A UX researcher I work with described the problem this way: software development keeps accelerating, the research repository cannot keep up, and structured reports are easier to generate than ever and harder than ever to read in depth. She'd been creating digestible per-individual Claude instance reports for the product leads and designers who needed to act on the findings. Fragmented. Manual. Each one disconnected from every new insight that arrived after it shipped.

For a long time I'd have agreed the fix was better reports. Tighter executive summaries, more visual one-pagers, a stronger top-of-document headline. Helping engineering teams hit the same wall and work through it changed my read.

Your research repository has a retrieval problem, not a reports problem. And every fix that leaves retrieval untouched, including the habit of loading reports into individual Claude instances one at a time, leaves the disconnect intact.

The Problem Isn't Reports.
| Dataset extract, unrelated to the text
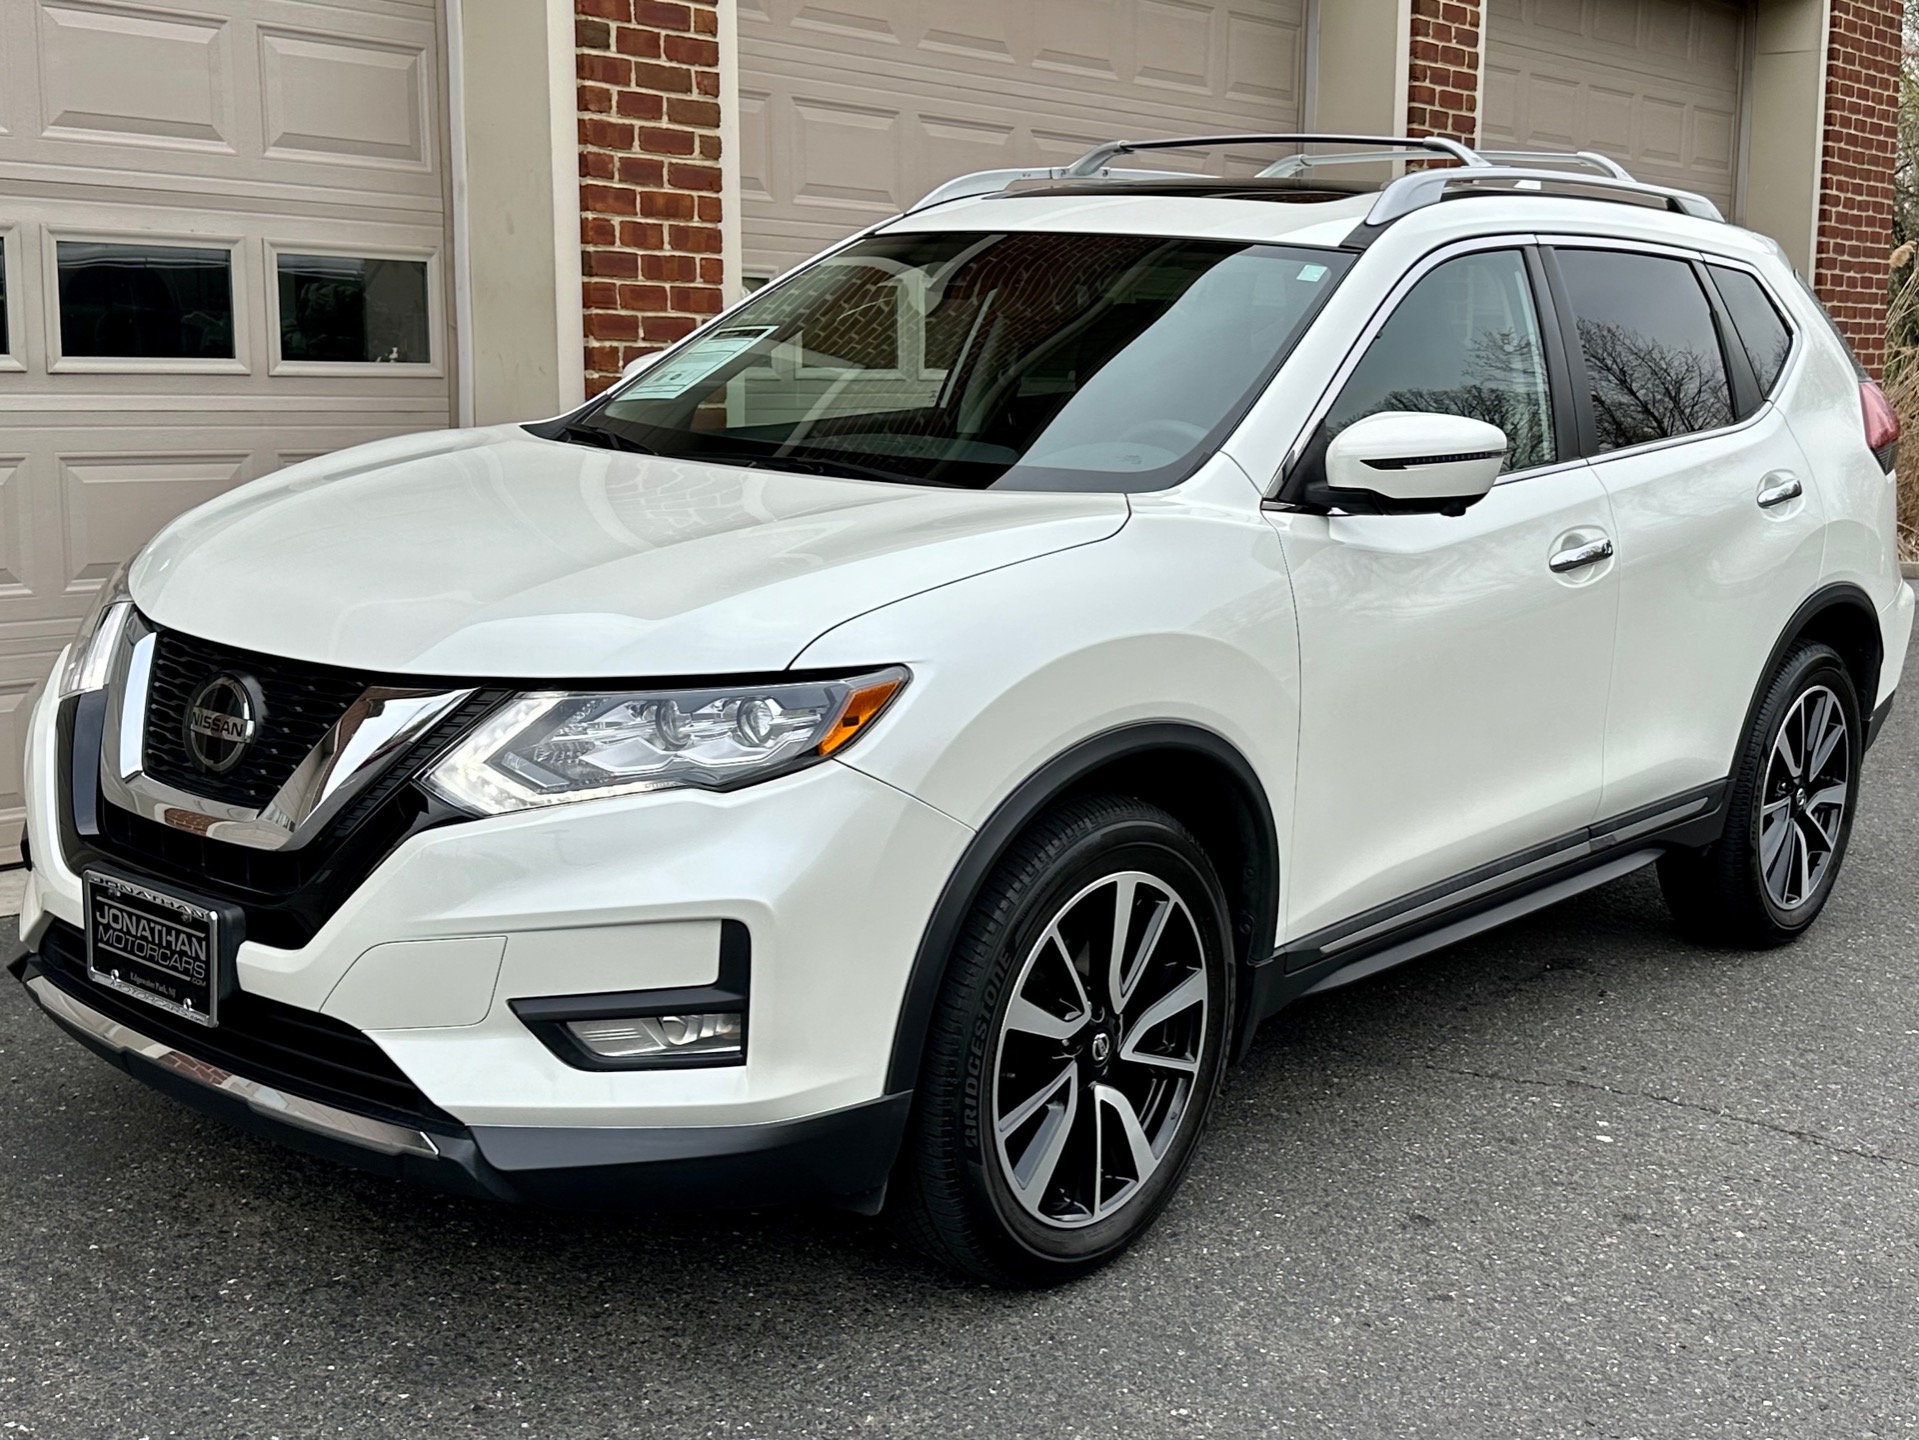 2020 Nissan Rogue SL Premium Package Stock 760259 for sale near

It's Retrieval.

This section complicates the standard "make reports better" framing by showing what changes when AI becomes the retrieval layer.

The conventional read of stalled UX research adoption goes like this. The team writes long research reports, the rest of the organization stops reading them, and the answer is to make reports shorter or more visual. Atomic insights as a presentational format. Executive one-pagers. Video summaries. All of those are improvements. None of them addresses why a product manager opening Claude on a Tuesday afternoon can't get an answer to "what did our users say about the onboarding flow last quarter?" without finding, downloading, and pasting in a specific report first.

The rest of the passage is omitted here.